Every "have to" can be reframed into "want" and "need" and any relationships between them. For example: do you need to go to work, or do you need to go to work to have money for the things you want? Understanding that this always works isn't exactly easy, but once you get it right (or manage to remember it at least occasionally), you'll find life easier. Because suddenly all the responsibilities become things you do for yourself.
Step 4: Cancel everything you don't want to do
Now you know what you don't want to do, you know what you really want to do, and you also know that you don't actually have to do anything. However, you may also come across things that you think you have to do, but you don't want or need to do. Because you don't enjoy them and they don't bring you any benefit.
I deliberately say "you think you have to do them" because you don't have to do them. You just don't have to. You don't have to do the dishes. Your partner can do it. Or you can throw it away. (Yeah, that's an option too! But maybe you don't want to do it.) Or you can wash it tomorrow. Or next week. Don't you want to babysit for your sister who wants to go to the spa for the weekend? Then turn it down. You don't have to babysit. And likewise, you don't have to have your whole apartment primed before Christmas, you don't have to celebrate your mother-in-law's birthday, you don't have to have your front yard gutted, and you don't have to have sex or one partner.

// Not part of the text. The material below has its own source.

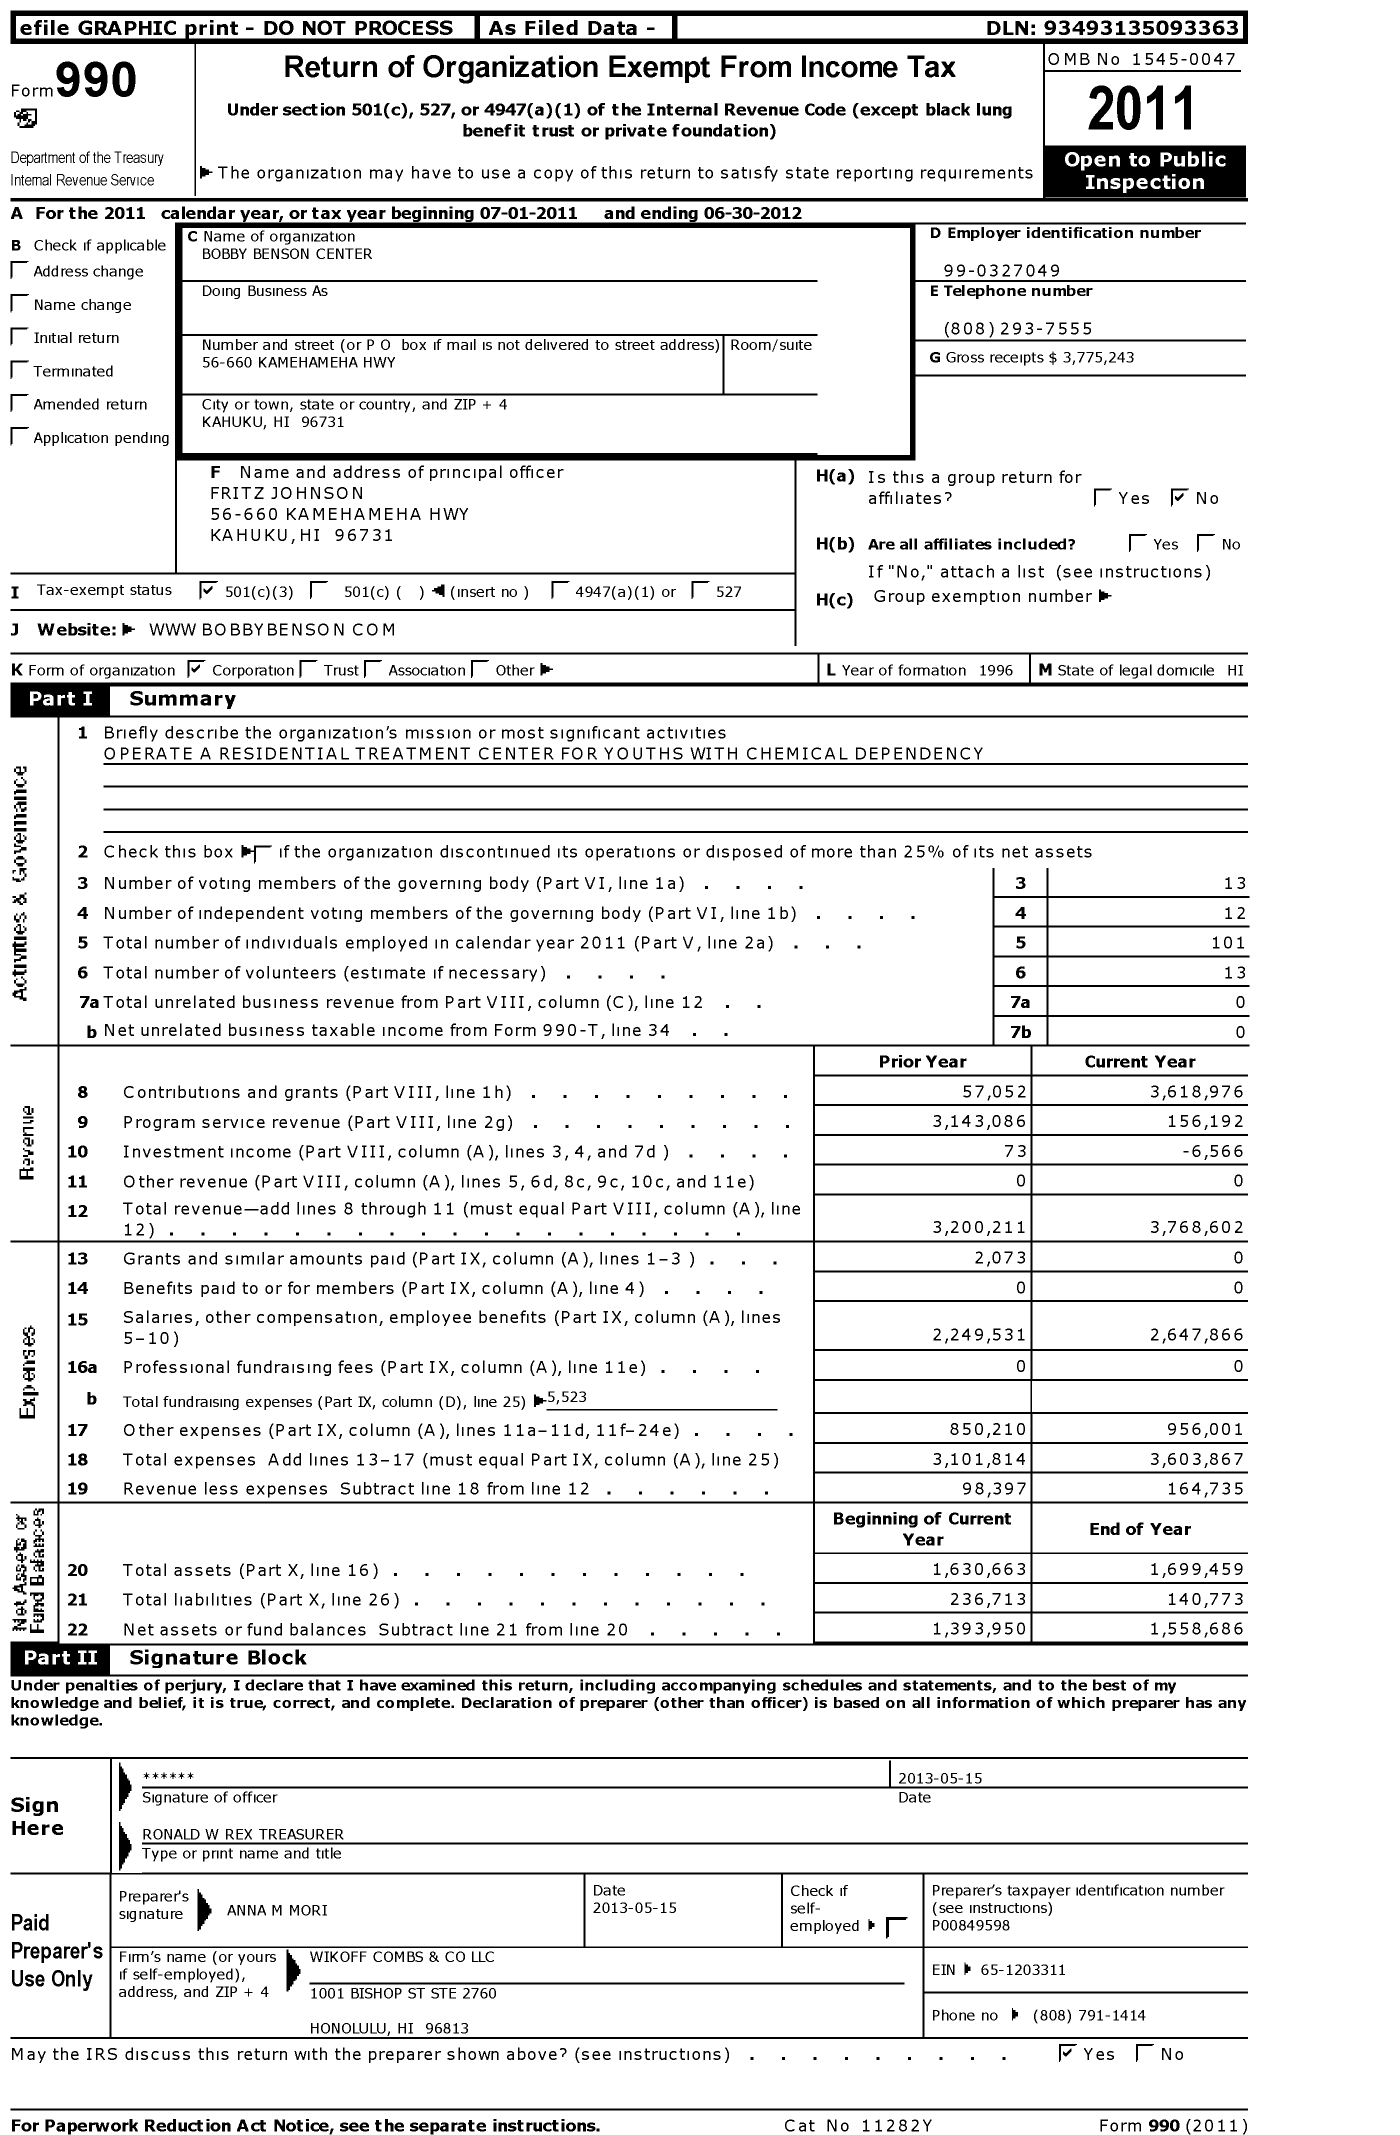 Image of first page of 2011 Form 990 for Bobby Benson Center (BBC)

Does that sound selfish? It is selfish. Selfish people actually have it extremely easy in life. Because as soon as someone doesn't care about the demands and feelings of others and doesn't do anything about it, they've won. Nothing is a problem. Breaking hearts, upsetting families, careers over dead bodies. Such a life is in principle very simple, because the person concerned does not limit himself by taking into account others and pursues only his own goals.
Step 5: Find a balance
But I'm not saying you have to do it too. You don't have to. Because if you're ethically set up differently and you want to consider others, you can. In fact, I think very few people are completely selfish. Unless they're a psychopath. But you have to incorporate a little selfishness into your life. Because you can't just give in to others all the time and do what is expected of you when it doesn't make you happy and you don't want to do it. Why is that? Because it doesn't make you happy and you don't want to do it!
Zdroj: GiphyYou have the right to pursue your own needs and fulfill the desires of your heart. And so you need to find a balance between how much you want to consider others and how much you need to give space to yourself and be kind to yourself. If you have a tendency to look to others a lot and put yourself first, it will be hard at first (and maybe even in the middle), but gradually you will get used to it and learn to put yourself first more and more.
Imagining what it would look like if you switched roles can also help. Like babysitting. Or a dog. How would you react if your friend refused to babysit? Would you blame and resent him and ruin your friendship, or would you say , "It's too bad he can't, but I'll work it out some other way"? That's probably the same way the people around you would react to you putting yourself first. Just beware of the evildoers who would like to use you and manipulate you, and will want to use phrases like "But you've always accommodated me*a". Well, you just can't do that now, period. Assertiveness is also in order. It's about you, it's about your happiness.
Step 6: Make you happy
You want happiness? Then make it. You've already identified what makes you happy and what fulfills you, so do those things. Do lots of them and do them often. As often as possible! Enjoy them. Because that's what it's all about - being happy and feeling happy. If you want something and you desire it, don't be afraid to do something to get it. It sounds trivial, but it can be easy to get stuck in some of the learned "I shouldn't do that" patterns. The trick is to realize it, think about whether it's really relevant, and then usually find out it's not and do what you wanted to do. Life can be fun and you can enjoy it. If you allow yourself to. And you can afford it. So go ahead, do what you want to do.